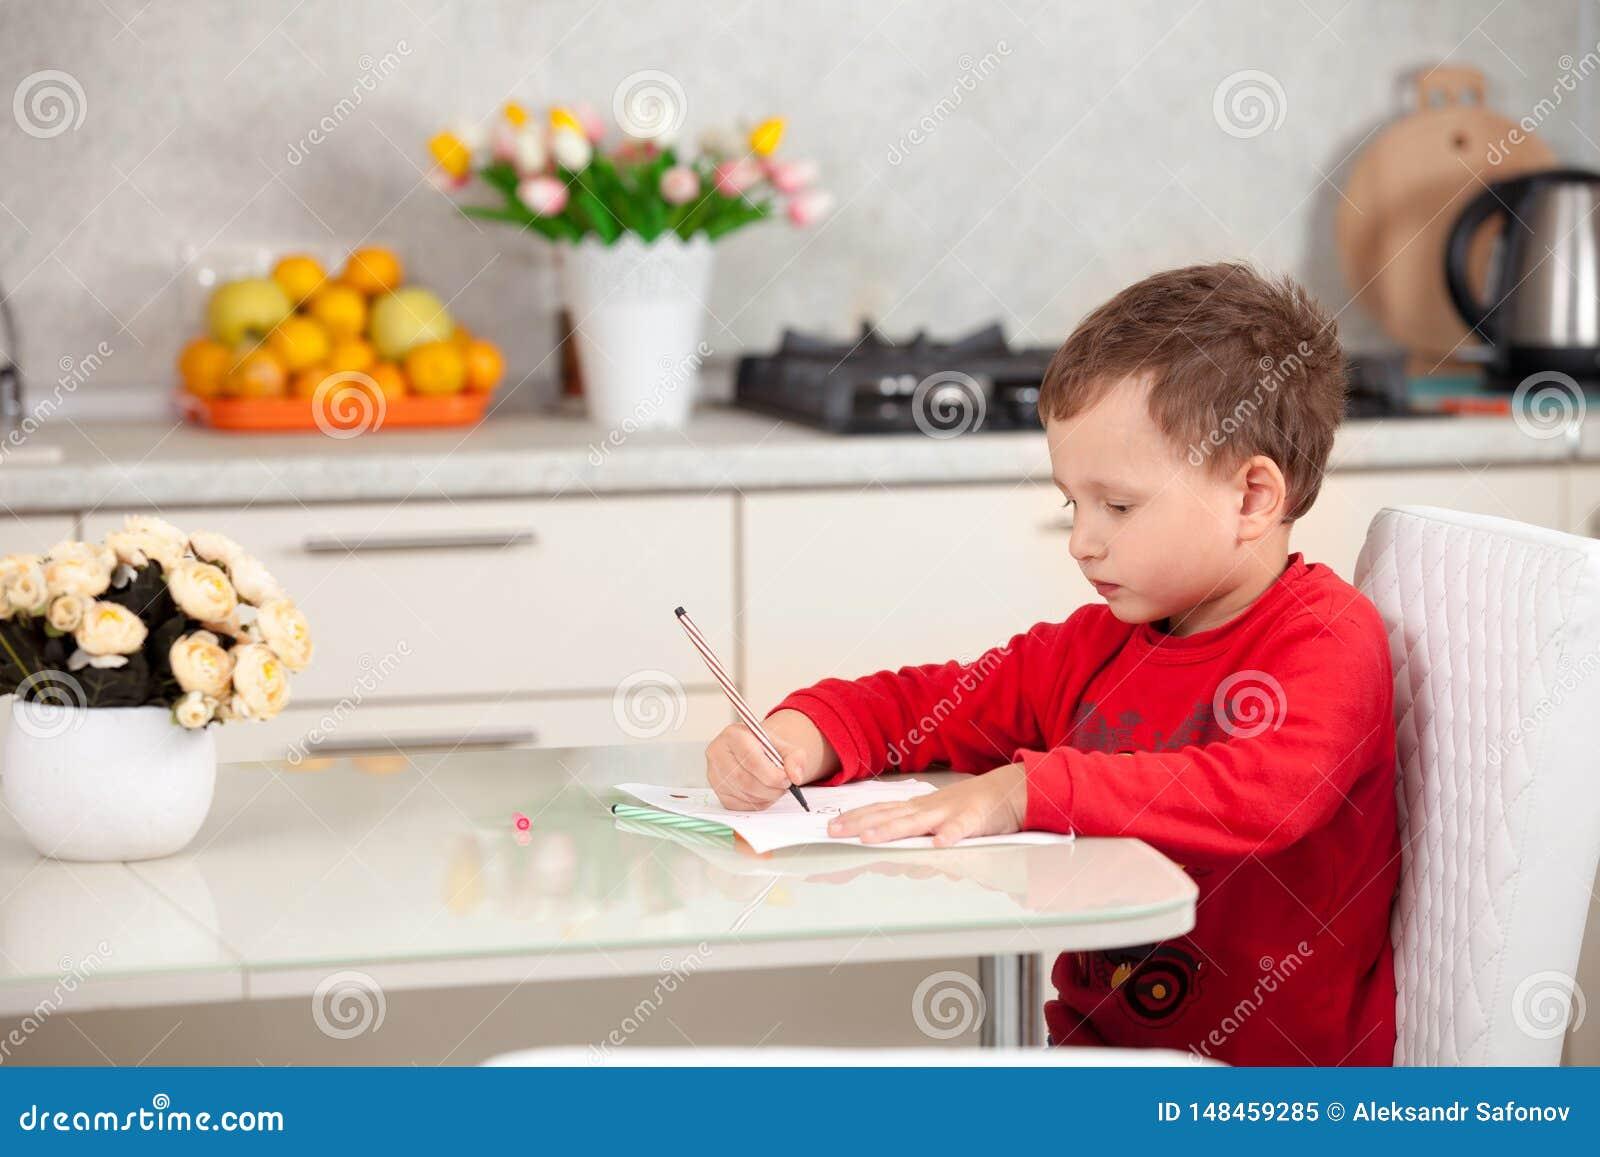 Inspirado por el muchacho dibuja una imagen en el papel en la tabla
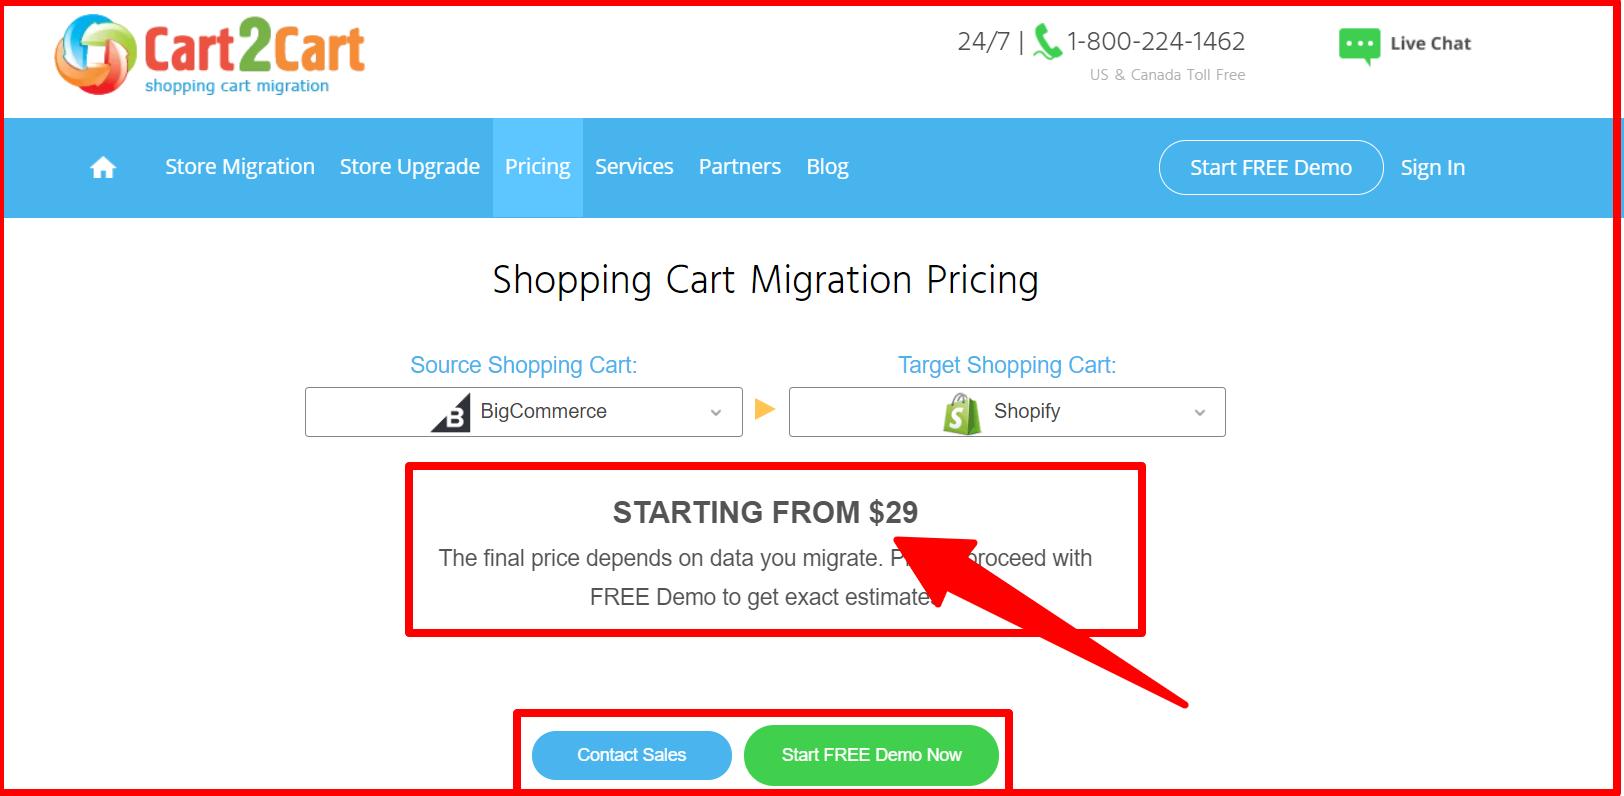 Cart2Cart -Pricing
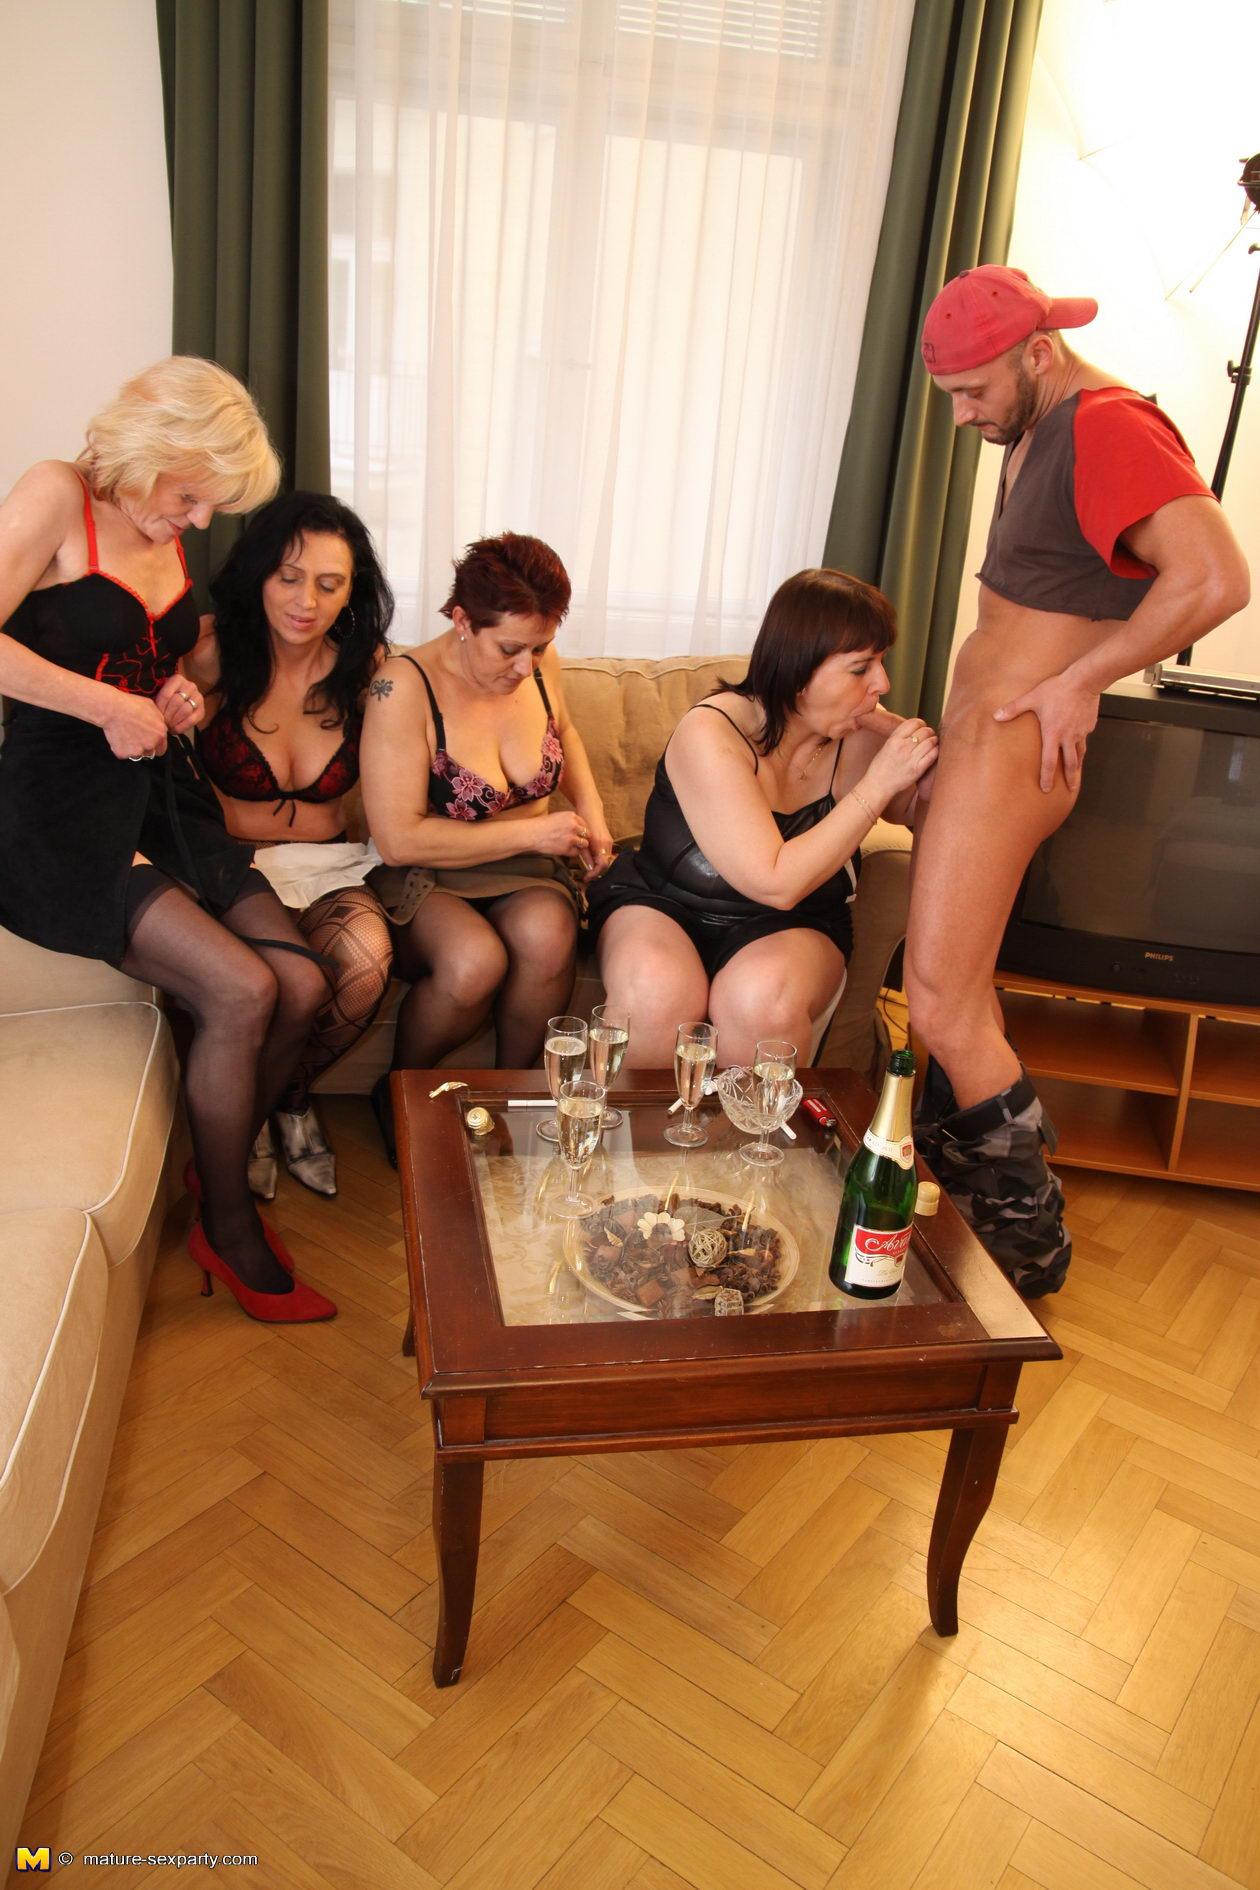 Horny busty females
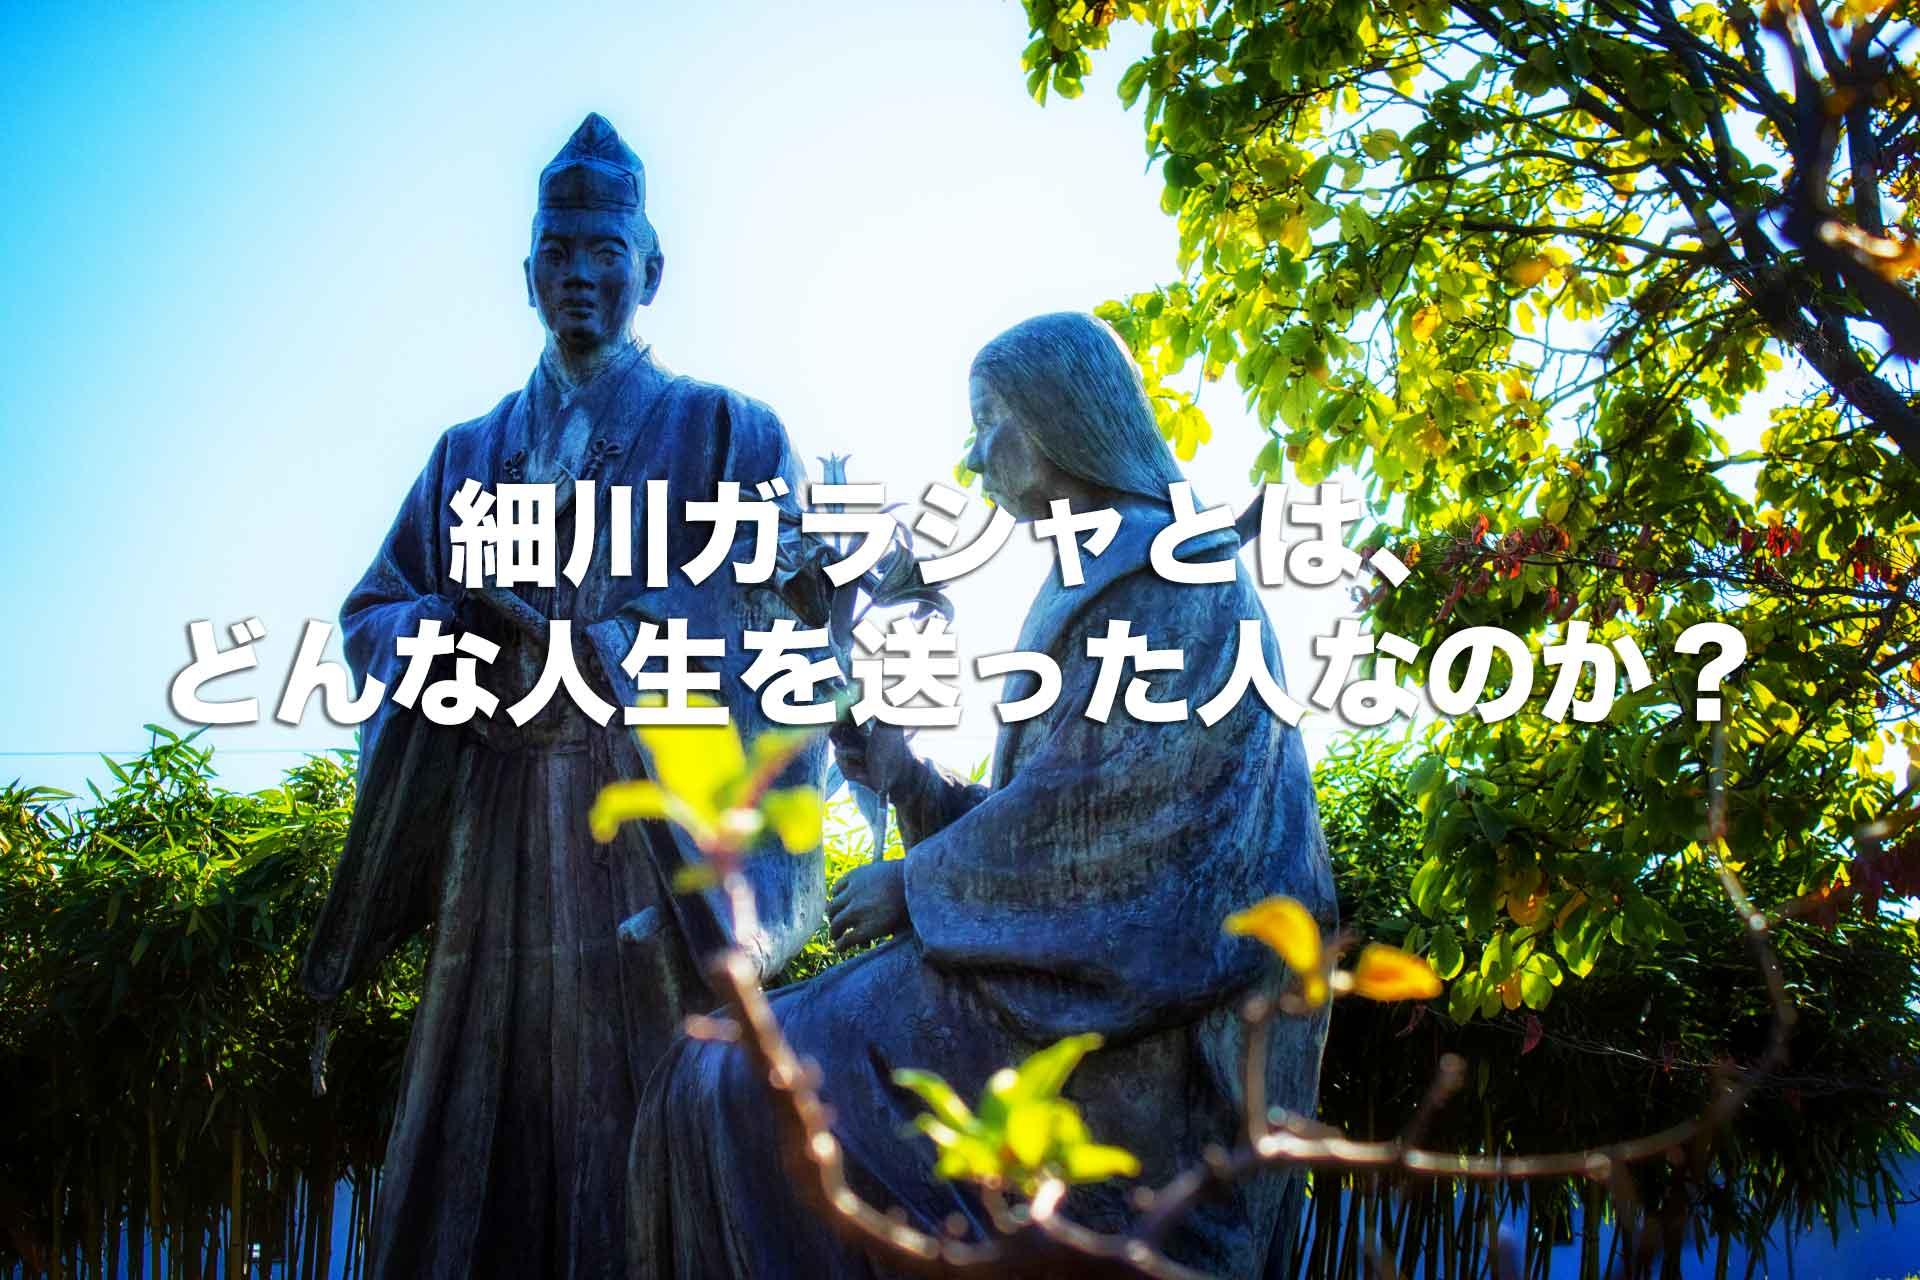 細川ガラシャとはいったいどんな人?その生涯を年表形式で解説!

## Aim of the exercise
In your copy of the data above, leave out the pictures and repeat everything else exactly.

## Finished task
 Inspirado por el muchacho dibuja una imagen en el papel en la tabla
 Cart2Cart -Pricing
 Horny busty females
 細川ガラシャとはいったいどんな人?その生涯を年表形式で解説!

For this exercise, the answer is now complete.